Tout d'abord, voici un exemple pour illustrer le manque d'inclusivité de l'IA : Si vous demandez à une IA de créer l'image d'une femme sur un cheval, il s'agira très probablement d'une femme blanche ou asiatique avec de longs cheveux. Ce qui n'est pas surprenant, car les images de femmes à cheval les plus courantes sur Internet ressemblent à cela.

Si ce manque d’inclusivité est relativement inoffensif, il arrive parfois que l’objectivité toute relative des intelligences artificielles puisse heurter la sensibilité du grand public.

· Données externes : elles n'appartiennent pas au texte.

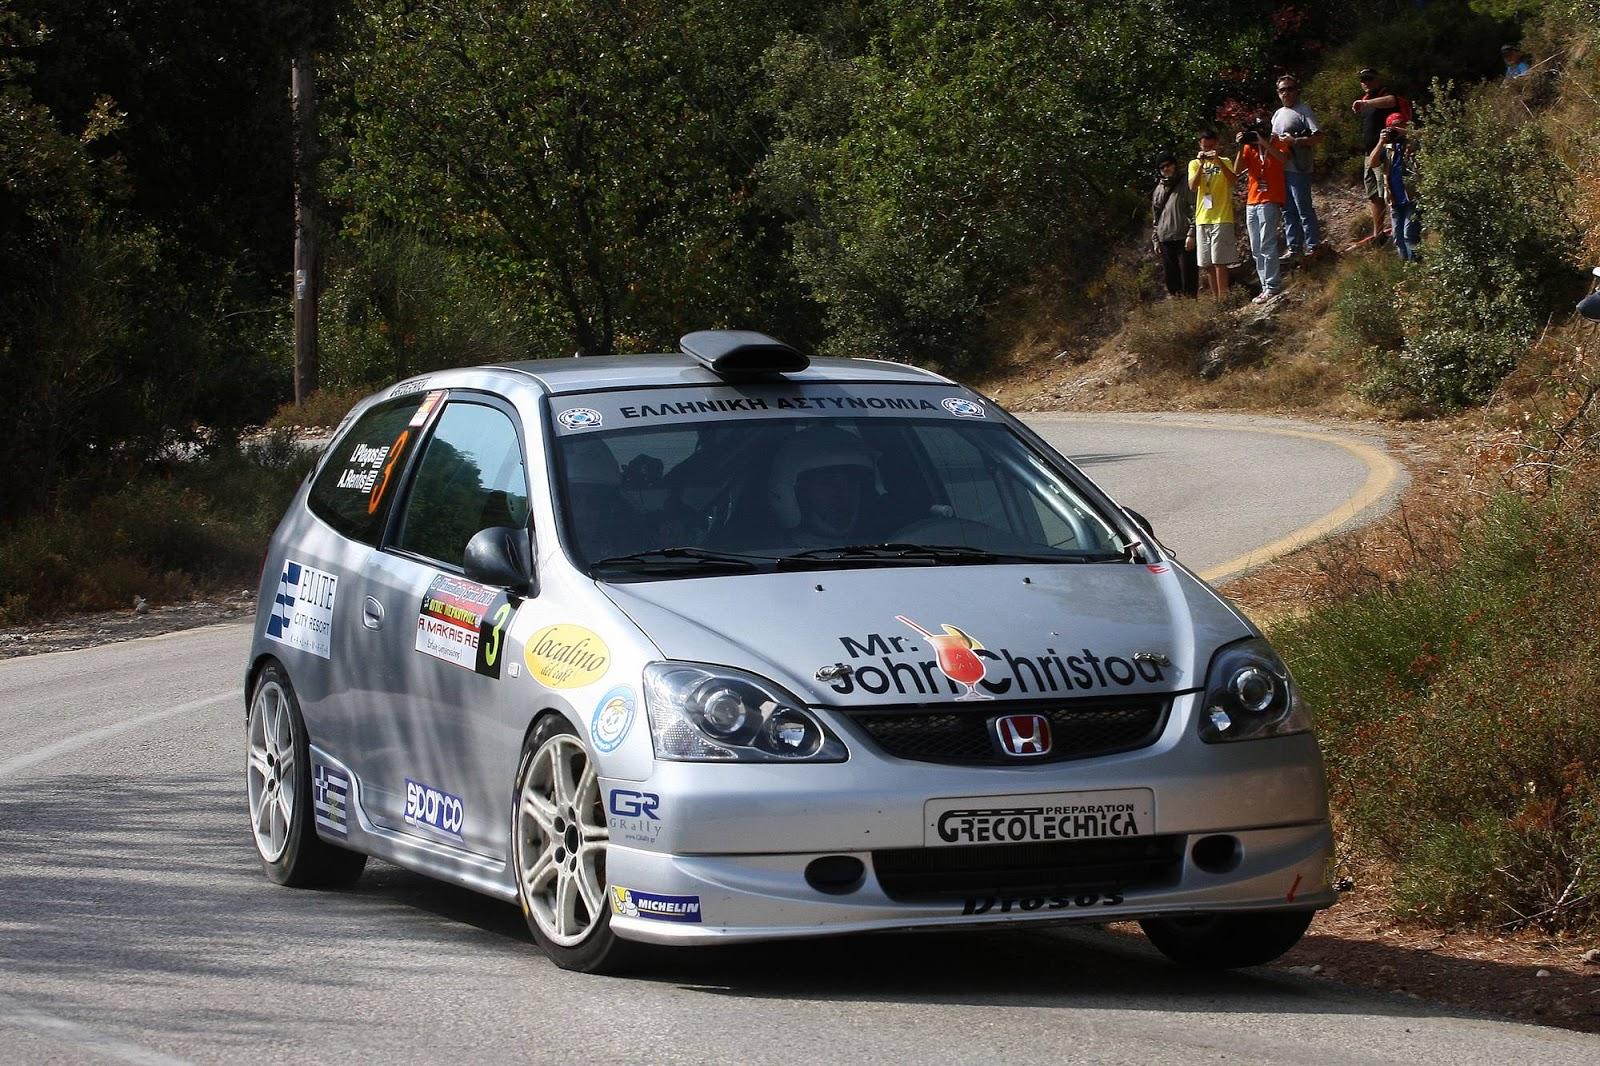 25CE25A025CE25BB25CE25AC25CE25B325CE25BF25CF2582 25CE25A125CE25AD25CE25BD25CF258425CE25B725CF2582 Ολοκληρώθηκε το 4ο Athens Rally Sprint με νικητή τον Πλάγο με Honda Civic Type-R
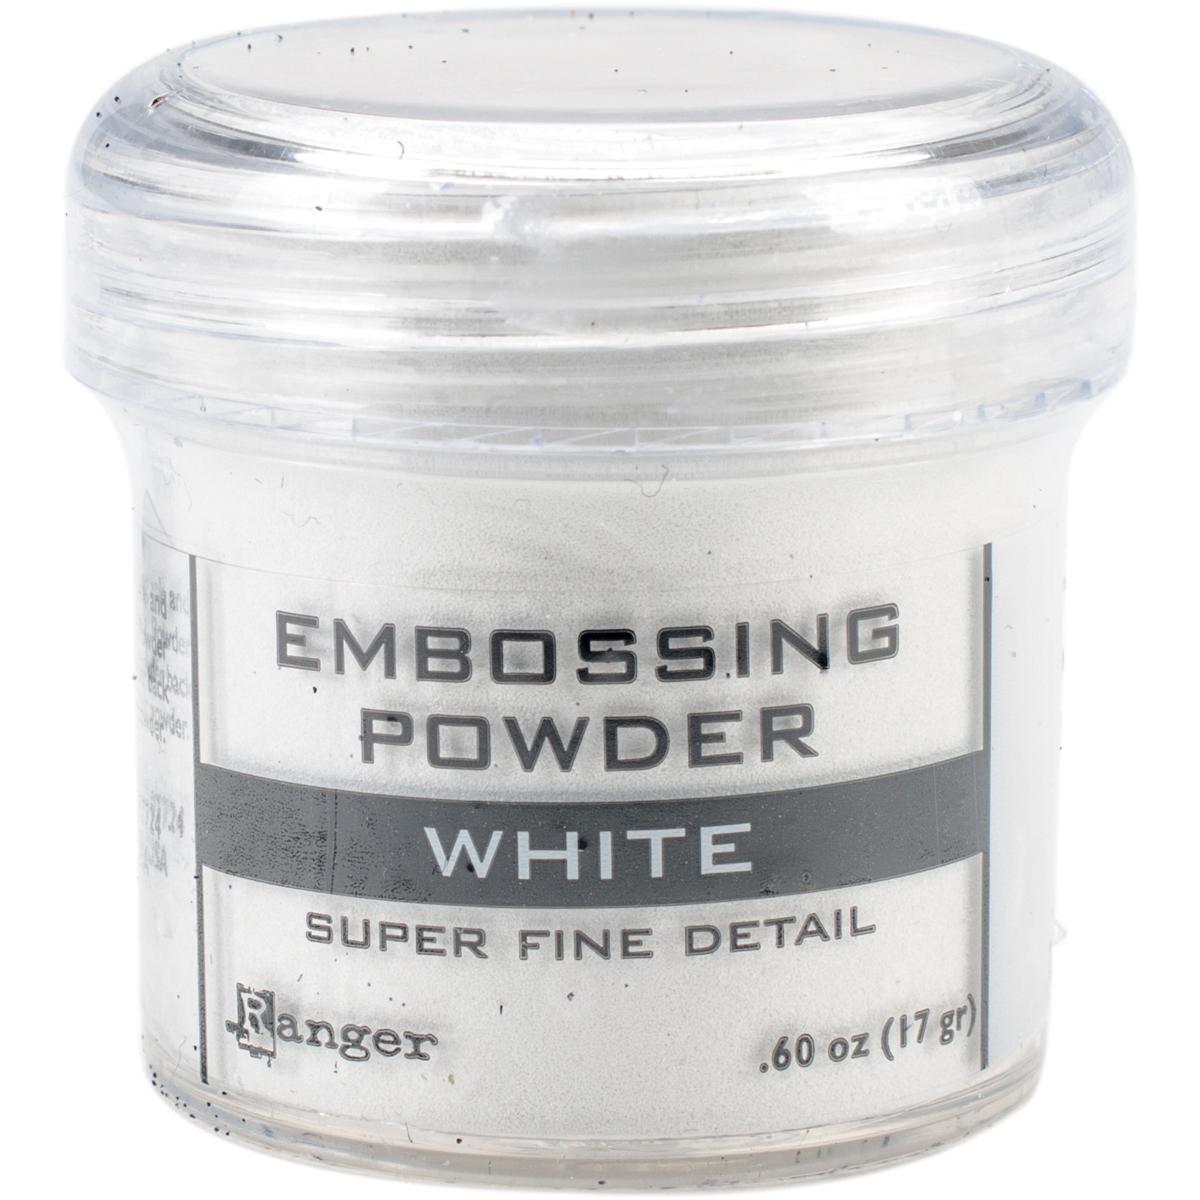 Super Fine White Embossing Powder

Rappelons qu’en 2015, l'algorithme de Google Photos avait catégorisé une utilisatrice de couleur comme étant un ‘gorille’, faisant exploser au grand jour les failles d’un système aussi complexe que délicat.

Plusieurs biais de ce type sont d’ailleurs observables selon les demandes faites aux IA, reflétant immanquablement les biais humains sur l’égalité homme/femme, le racisme, le handicap, etc.

Un autre exemple parlant : si l’IA montre une photo d'un poisson, la technologie ne reconnaîtra probablement pas le poisson en tant que tel, sauf si des doigts sont également visibles sur la photo. En effet, il existe de nombreuses photos en ligne de personnes tenant un poisson. Or, le monde en ligne est le seul cadre de référence dont dispose l'IA et, malheureusement, ce monde n'est pas aussi inclusif que nous le souhaiterions. Il en va de notre ressort à nous, humains à l’origine d’Internet, de faire de l’IA un outil inclusif. Pourquoi s'étonne-t-on que l’IA ne soit pas inclusive, lorsque l’on voit un manque d’inclusivité probant de notre société ?

L’IA est un enfant à qui il faut tout apprendre

Après tout, l'IA est comme un enfant : elle imite notre comportement et fait ce que nous lui disons de faire. Lorsqu'un petit enfant fait quelque chose qu’il n'est pas autorisé à faire, nous rejetons souvent la faute sur les parents, car ceux-cis n’auraient pas élevé leur enfant correctement. Comment est-il possible qu'avec l'IA, nous ne portions pas le blâme sur nous-même, mais sur la technologie ? Nous ne pouvons pas attendre de cette technologie qu'elle sache ce qu'elle fait simplement parce que nous la qualifions d'"intelligente". Il faut d’abord se regarder dans le miroir, car nous en sommes à l’origine.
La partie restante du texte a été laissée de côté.